Parashat Shoftim: A woman as monarch

“You shall surely appoint for yourselves a king….” (Deuteronomy 17:15).

Deborah 311 (photo credit: Gustave Dore)
Deborah 311
(photo credit: Gustave Dore)
Can a woman be elected as president of a synagogue? Can a woman serve as a judge in matters of halachic dispute, and can she function within the synagogue context as a member of the clergy who responds to halachic questions posed by the congregants? These issues have been raised during these past months – amidst not a little controversy, as the reader can well imagine – with the major source of the dispute and its resolution emanating from a verse in this week’s biblical reading.
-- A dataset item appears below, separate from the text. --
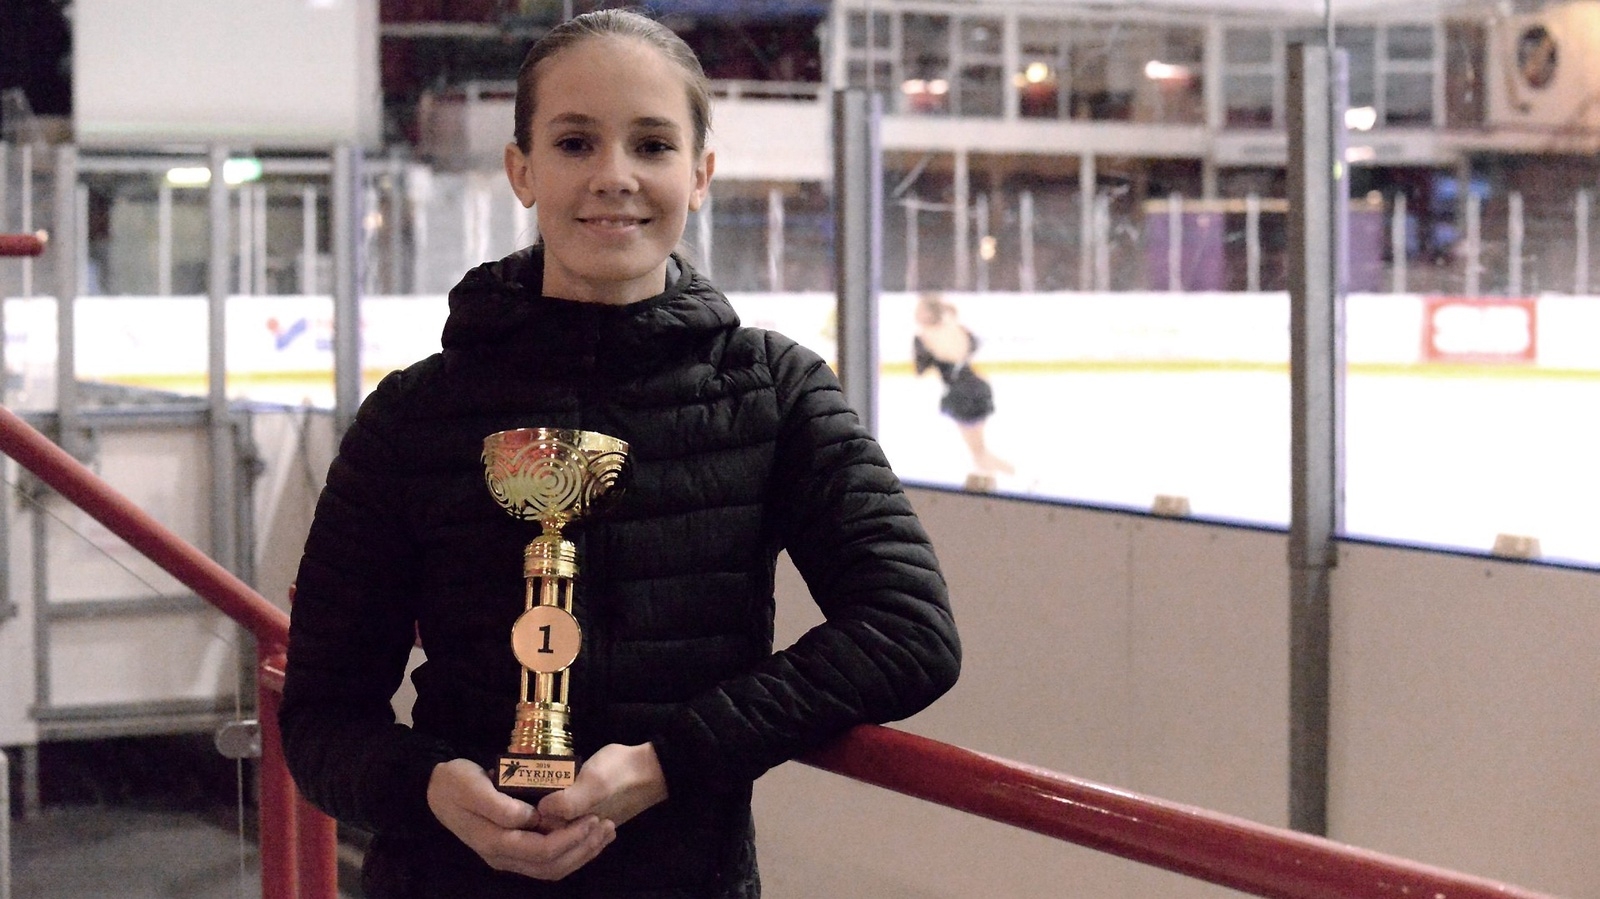 Osby KK:s Elsa Idström vann Tyringehoppet tidigare under säsongen, och med en bra prestation ska hon kunna ta medalj i DM som avgörs på hemmaplan. Foto: Robert Rolf/Arkiv

The great sage and religio-legal decisor Maimonides (1135-1204) concludes his magnum opus Mishne Torah with the “Laws of Kings,” which includes statutes of governance a well as a vision of the period of universal messianic redemption, the goal of our entire religious and national covenantal enterprise. In the very first chapter, where he establishes the importance of a monarchy as opposed to anarchy, he adds: “It is improper to establish a woman as monarch, as the Bible states ‘You shall surely appoint for yourselves a king – a melech [male ruler] and not a malka [female ruler]” (Laws of Kings 1:5, 6).
This particular exclusion of a female monarch is indeed cited by the midrash, but then Maimonides adds a clause which is not to be found in our midrashic sources but which seems to be his own addition: “And similarly any appointment within Israel must be the appointment of a male and not a female.” He then goes on to write, “And we do not set up, neither as monarch nor as high priest, not a butcher nor a barber nor a bathhouse keeper nor a tanner, not because they are invalid by their very nature but rather because their professions are looked down upon (by society at large), and so the nation will denigrate their authority.”
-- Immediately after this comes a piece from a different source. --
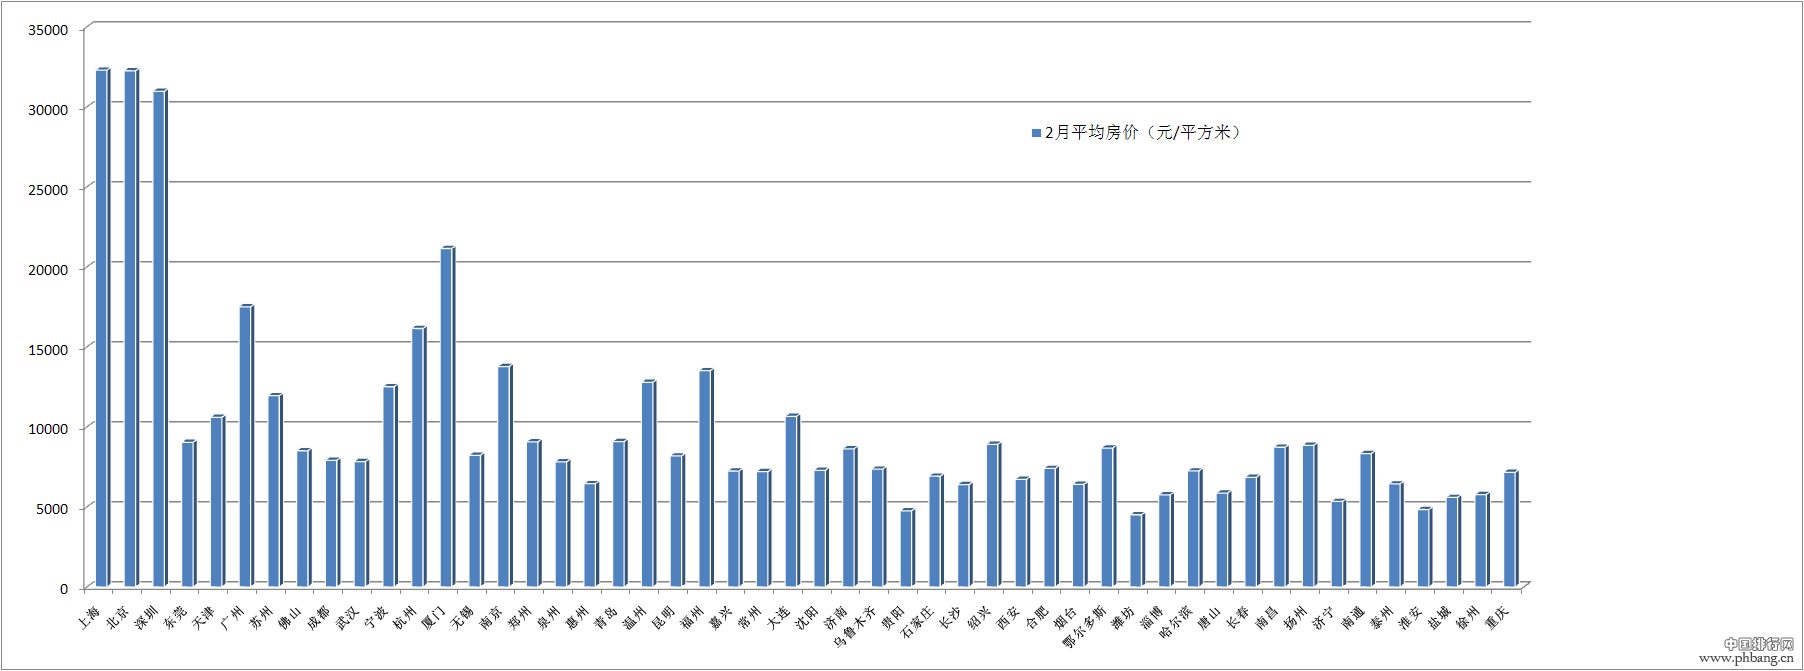 中国城市人口_2013中国城市人口排名

Now this very last clause in Maimonides which excludes certain professionals from being appointed king or high priest is cited in the Talmud (B.T. Kiddushin 82), with the reason for their belittlement presented as being because “they do business with women”; it therefore would make sense for Maimonides to have extrapolated that women themselves ought certainly not be appointed to any office of authority since they would not enjoy the respect of the masses which such appointments would require.
It would be fair to state that at least according to Maimonides a woman should not be appointed to any position of authority – not as a monarch, not as a judge, and not as a member of synagogue clergy to decide halachic issues.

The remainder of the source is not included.